"Tell what?" Ed demanded, rising.
"About where Mitchell Prell is," Granger told him. "You said things which hinted that he might be around."
Ed's throat tightened. It was still a minor shock to remember that the probe beam had probably been used on this house sporadically for years. The refined radar of the probe beam could, if minutely focused, make fair pictures of distant things inside walls. But Ed didn't think that it could make the small print on a sheet of letter paper readable. But there were instruments that could pick up faint sounds from miles away—a voice, for instance—and amplify them to audibility. Ed was still sure that, over distance, his mind itself remained inviolable.
Ed felt cornered by the brute forces that always take over whenever reason is broken down by fear. Once his uncle had been a scapegoat to blame for disaster. Then, poor memories and triumphant years had half forgiven him. But now, during trouble, he was guilty again. And according to savage concepts of justice so were his relatives.

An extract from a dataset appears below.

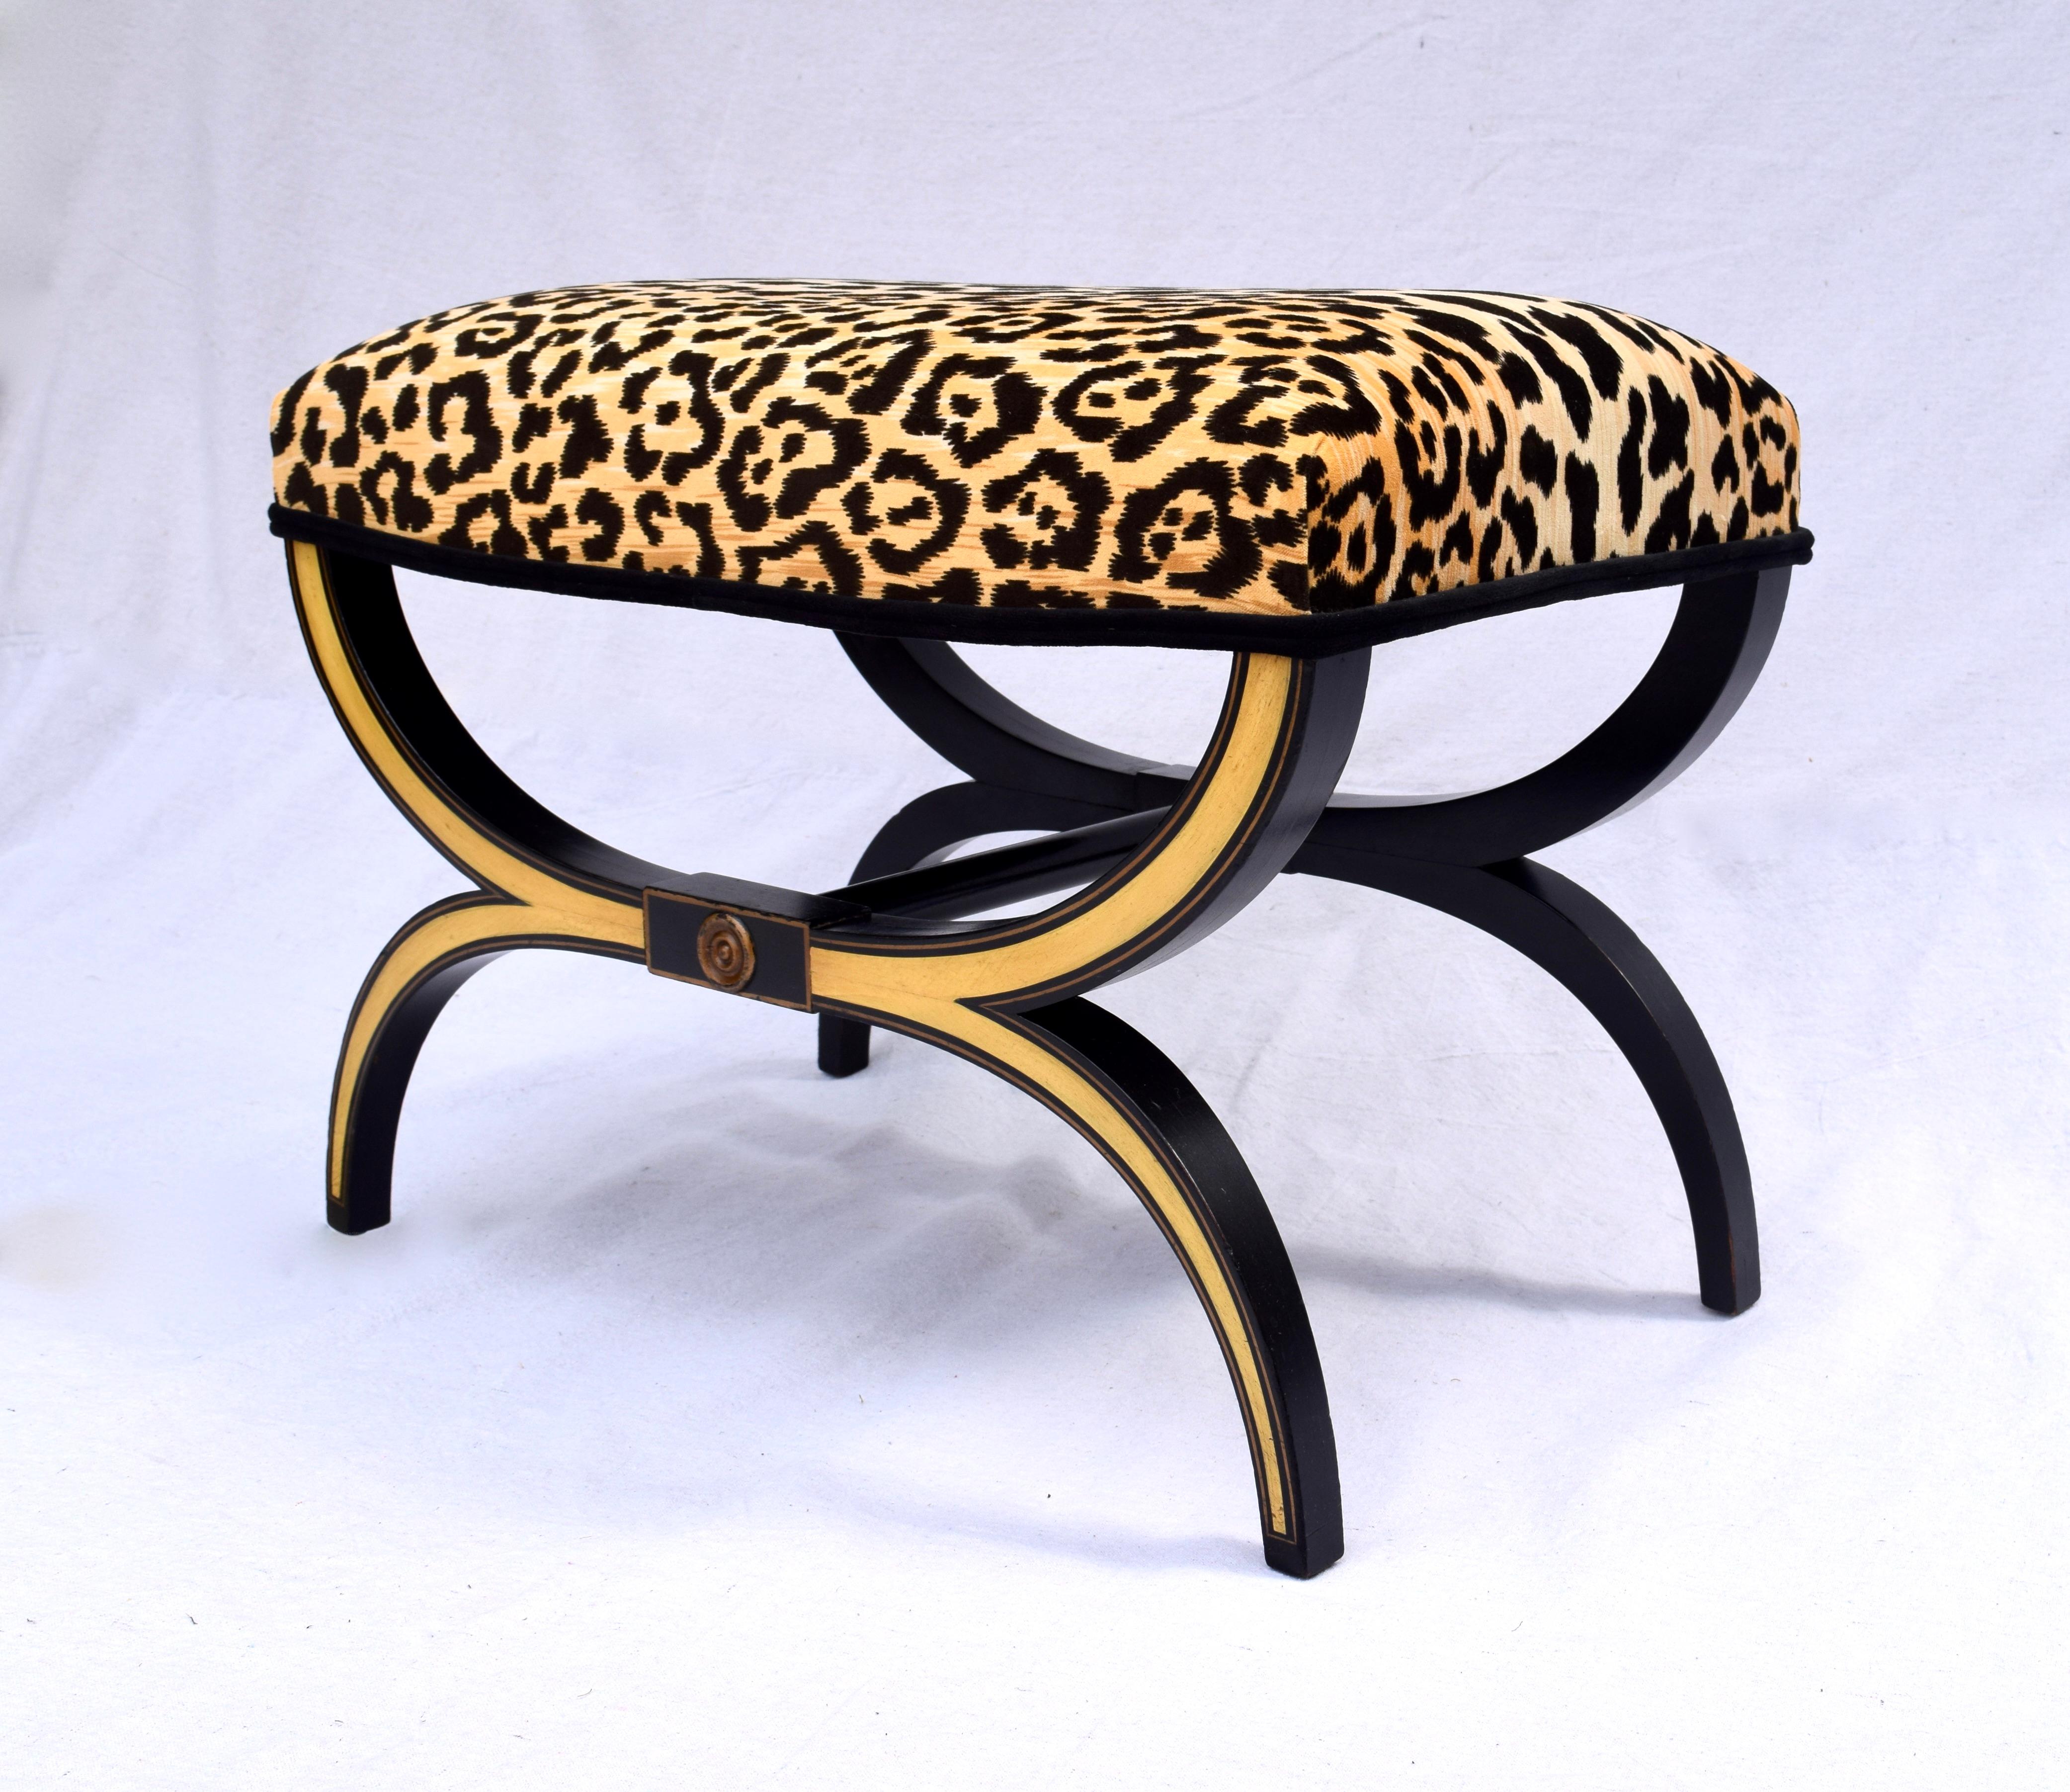 Neoclassical style Curule bench, stool or cocktail ottoman newly upholstered in leopard velvet. Original finish fully detailed and in excellent vintage condition.

The confusion of half blaming his uncle left Ed and was replaced by stubborn loyalty. He summoned all his self-control and grinned carefully. He wondered if the fright in Granger's large eyes reflected realization at last of the angry hands, gone completely untrustworthy, that now touched the controls of modern science. Was he getting intelligent so late? Or was he afraid of something simpler?
Ed forced a laugh. "You picked up my muttering, Granger," he accused. "I wonder what you mutter about, these days? Grant me the same privilege of nervousness under strain which you could do a lot to relieve, everywhere, as I have been begging you to see. No, I don't know where Mitchell Prell is, though I wish I did."
The plain-clothes man had moved over to the table. Now he peered into the microscope. Soon he motioned to Granger to do likewise. Ed felt the roots of his hair puckering.
"What does 'Nipper' signify to you, Dukas?" Granger asked at last, levelly.
"Suppose it's my pet name for you, Granger?" Ed answered. "Your friend can take the paper along. The police laboratories might make something else of it. Maybe I doodle with a bum pen and absent-mindedly stick the doodle under a microscope—and right away somebody wants to make a story of it. You want to psyche me? I've humored that kind of whim from the police before. This time, for cussedness, I'll stand on my rights and demand that they get a court order before they meddle with my most private possession, my memory. Especially since hotheads and hysterics seem to have taken over. But wait, Granger. I'm sure that sensible people are still in the majority. They haven't reacted very much, yet. But they will—with matters as bad as they are now. Maybe they haven't any answers to our problems, except calm and the hope of working something out. But that's a lot. We were schooled to cautious thinking, Granger, and that means something, even though you and plenty of others can lose their wits. Maybe the sensible people will finally shut you up!"
"We'll take the paper along all right," the plain-clothes man said. "And you, too. We already have the court order you mention."